Answer Writing Practice for UPSC IAS Mains Exam: Paper - III (General Studies – II) - 06 September 2018

Answer Writing Practice for UPSC IAS Mains Exam

UPSC Syllabus:

  • Paper-III: General Studies -II (Governance, Constitution, Polity, Social Justice and International relations)

Q. “The Indo-US relationship has been found to be evolving continuously in the recent past but it is not free from challenges”. Comment (250 words)

Model Answer:


  • Why in news?
  • Evolving Indo-US relations and the prospects
  • Associated challenges
  • What should the two nations do?
  • Conclusion

Why in news?

The inaugural India-US 2+2 dialogue between the foreign and defence ministers of the two countries is scheduled for 6 September in New Delhi. It is also the 10th anniversary of India receiving a waiver from the full-scope safeguards condition of the Nuclear Suppliers Group (NSG). 

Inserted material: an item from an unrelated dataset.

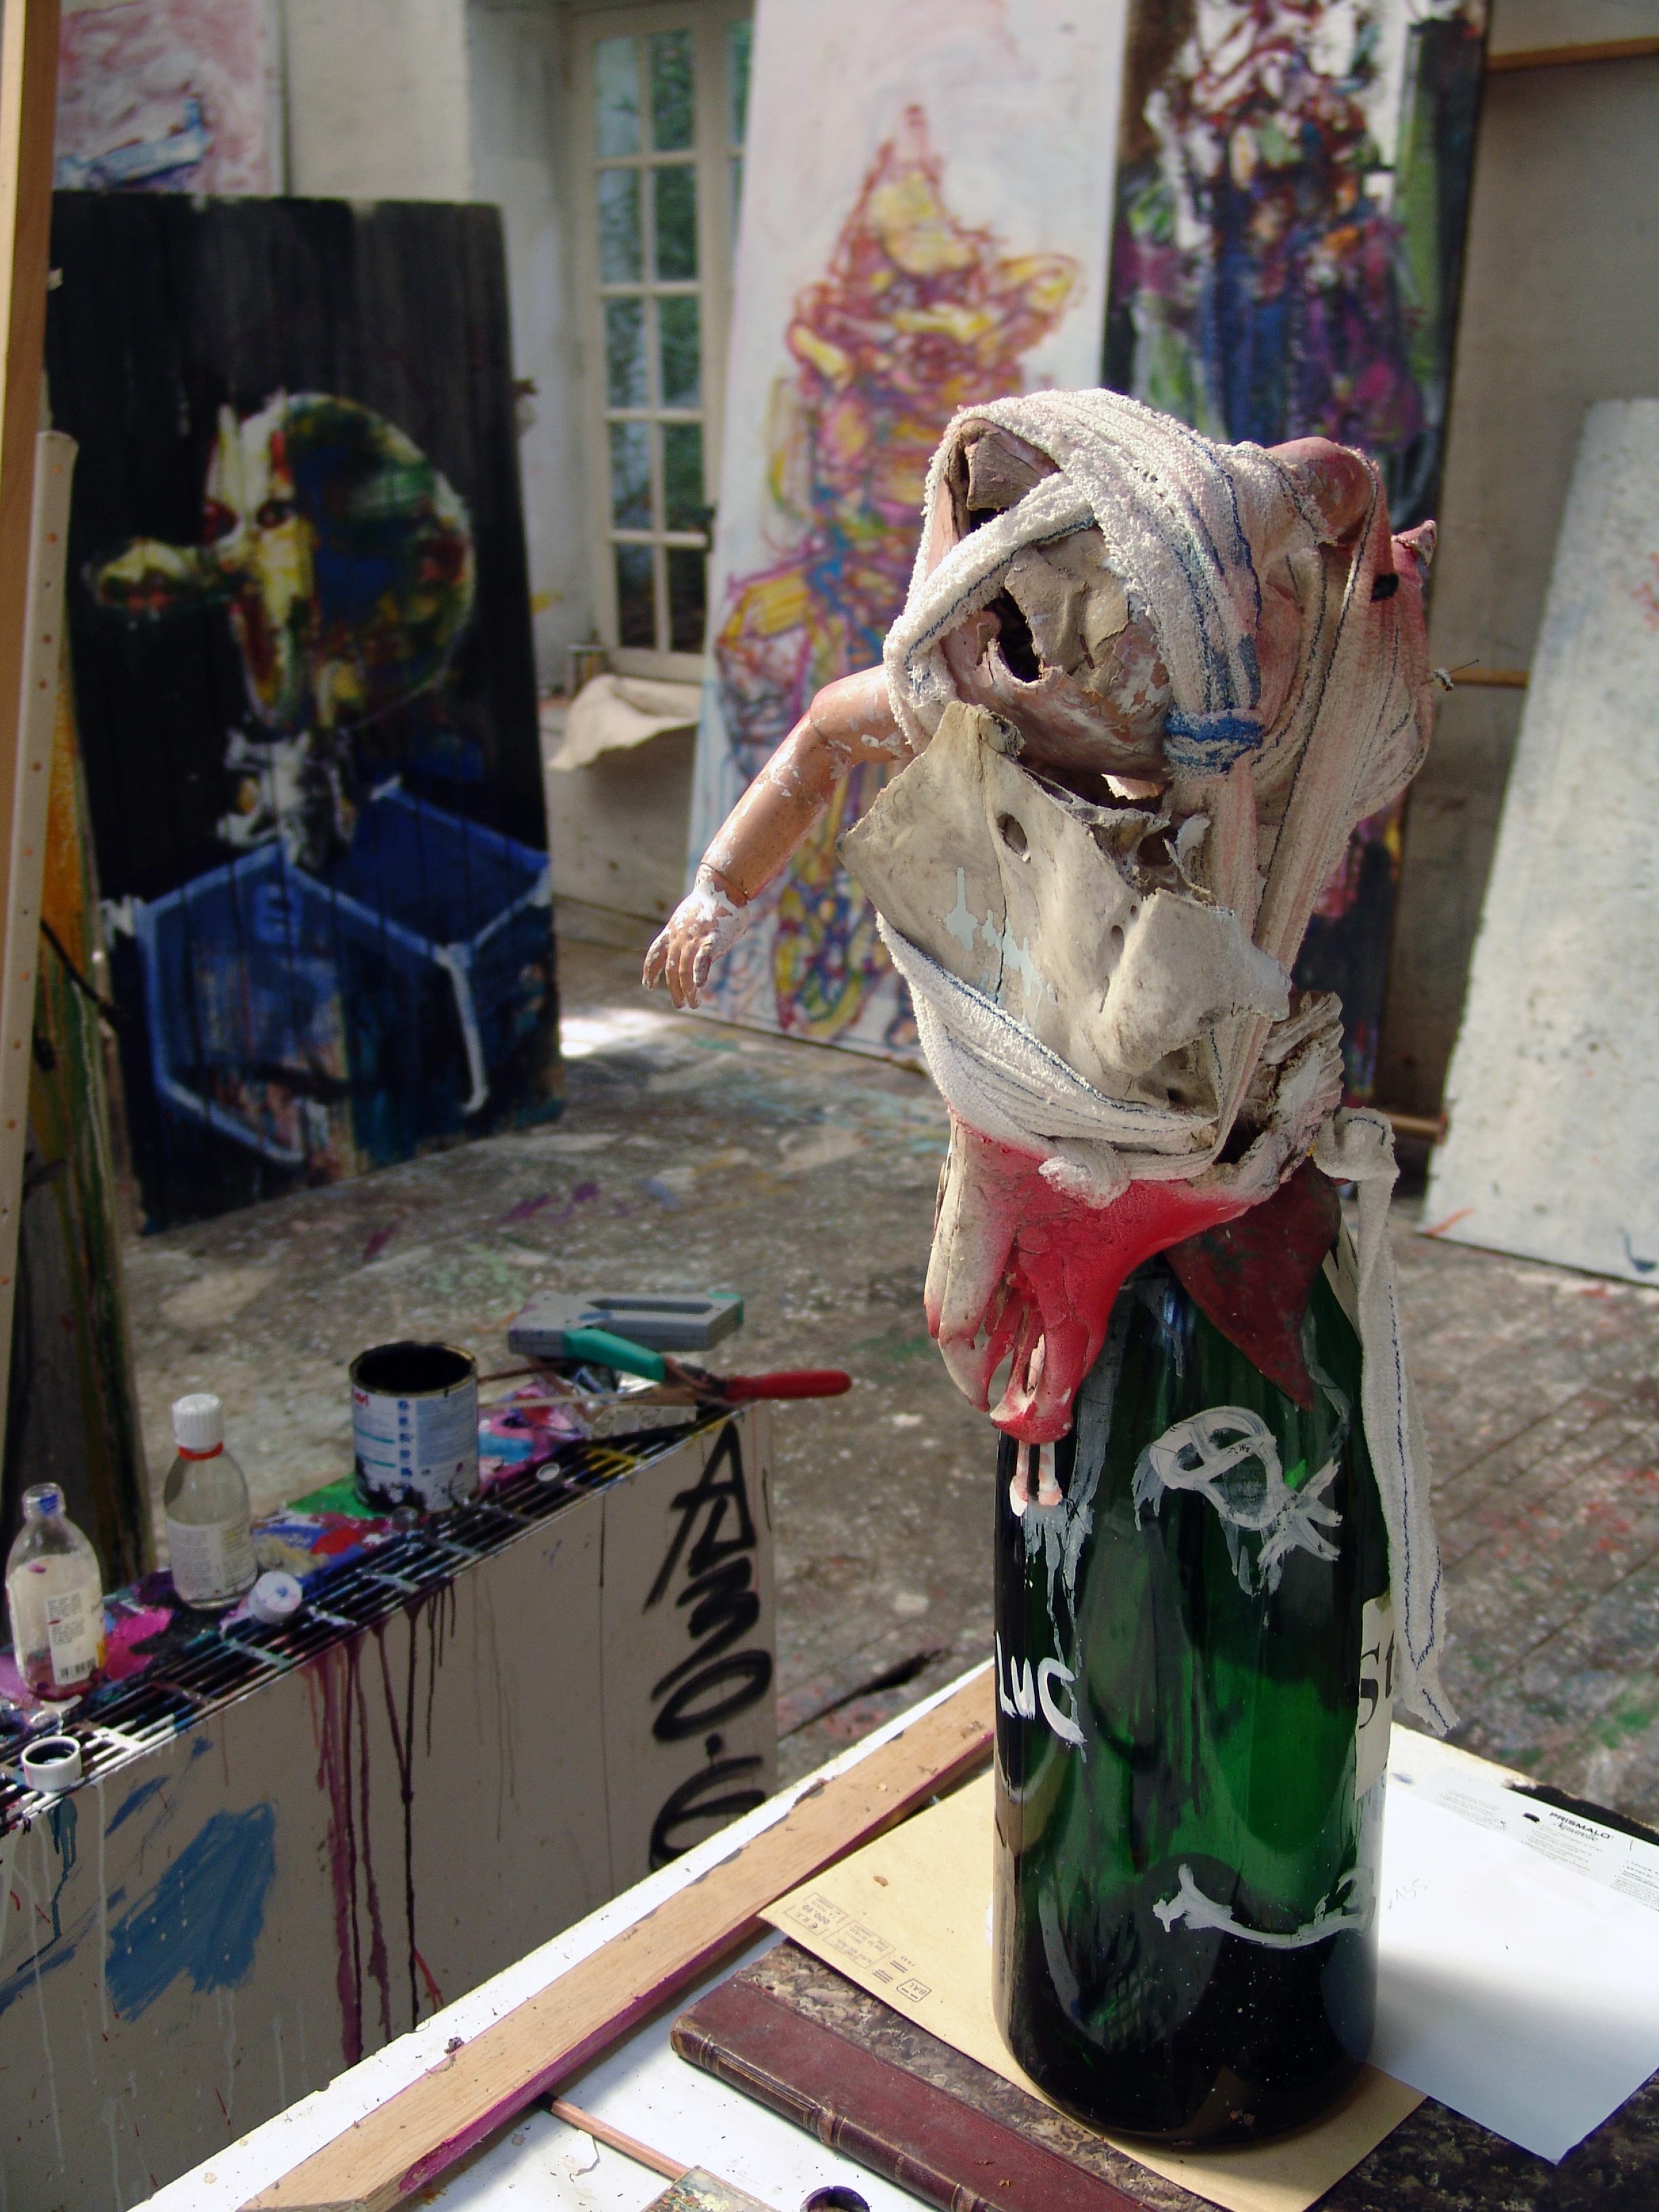 Sculptures at Dado’s studio in 2009

Evolving Indo-US relations and the prospects

  • The NSG waiver and the subsequent India-US nuclear deal were the most important milestones in the transformation of this bilateral relationship.
  • The inaugural India-US 2+2 dialogue between the foreign and defence ministers of the two countries is another significant step in the same journey.
  • The strategic and defence relationship is underpinned by a common threat in the rise of an authoritarian China that doesn’t hesitate to flout global rules of engagement and aims to upend the US-led global order. US appreciate the role of India in putting up a joint counter to China’s rise.
  • The centrality of India in America’s “Free and Open Indo-Pacific” strategy has been clearly recognized in the National Security Strategy and National Defense Strategy documents of US. The decision to rename the Pacific Command to Indo-Pacific Command was also a symbolic recognition of India’s importance to the evolving American worldview.
  • The resumption of the quadrilateral dialogue between India, the US, Japan and Australia, and US aligning its views with India’s on China’s belt and road initiative (BRI)—signals that India-US Indo-Pacific cooperation has never had greater momentum.
  • There is significant trade and economic cooperation between India and the US as highlighted by the fact that India has a surplus of $23 billion in trade with America.

Associated challenges

  • The US’ CAATSA (Countering America’s Adversaries Through Sanctions Act) law, threatens sanctions against India if the latter goes ahead with its decision to purchase the S-400 surface-to-air missile systems from Russia.
  • US President’s decision to jettison the Iran nuclear deal and reimpose sanctions on Iran and secondary sanctions on entities doing business with Iran has raised uncomfortable questions for India.
  • US walking out of the UNFCCC’s COP21 Paris Agreement on climate change have drawn worldwide criticism. India is still an active participant of it. If India somehow expresses its displeasure for the US move, it adversely impacts the bilateral relations between the two nations.
  • There are areas of cooperation that US President appreciates, like defence sales, and there are those he doesn’t, like H-1B visas for Indians.
  • During the ongoing 2 + 2 dialogue, India and the United States are in a deadlock over contentious trade issues after US is pressing India for additional imports to wipe off the trade surplus that India enjoys.

What should the two nations do?

  • The 2+2 dialogue allows the two nations to exchange frank views on various issues. For example – Iran and Russia will definitely figure in the discussions. It is important for both parties to be pragmatic. India has no reason to back away from the S-400 deal with Russia. The India-Russia defence relationship is a legacy of history that cannot be dismantled in a jiffy. Moreover, the operational superiorities of S-400 compared to whatever the US can provide are also well noted. Though India has been provided with a waiver from Caatsa, US would still be very concerned if India purchased major systems from Russia.
  • Geography makes Iran important to India. The oil imports can be curbed, but Iran is still India’s only viable route to Afghanistan and Central Asia. US should acknowledge this and allow flexibility to India in this case.
  • India should keep hammering the China factor and thus prop up the defence and strategic pillar of Indo-US relations.
  • Instead of pressing India for additional imports to wipe off the trade surplus that India enjoys, US should adopt a soft approach giving India good deals to level the trade deficit.


The US has already invested significantly in India and its rise. It should remind itself of the driving factors that led it to make India such an important partner. India should also understand that notwithstanding the churn in the global order—the rise of China and America’s withdrawal—the US remains its most important strategic partner. Such awareness on both sides will help keep the bilateral engagements anchored in realism.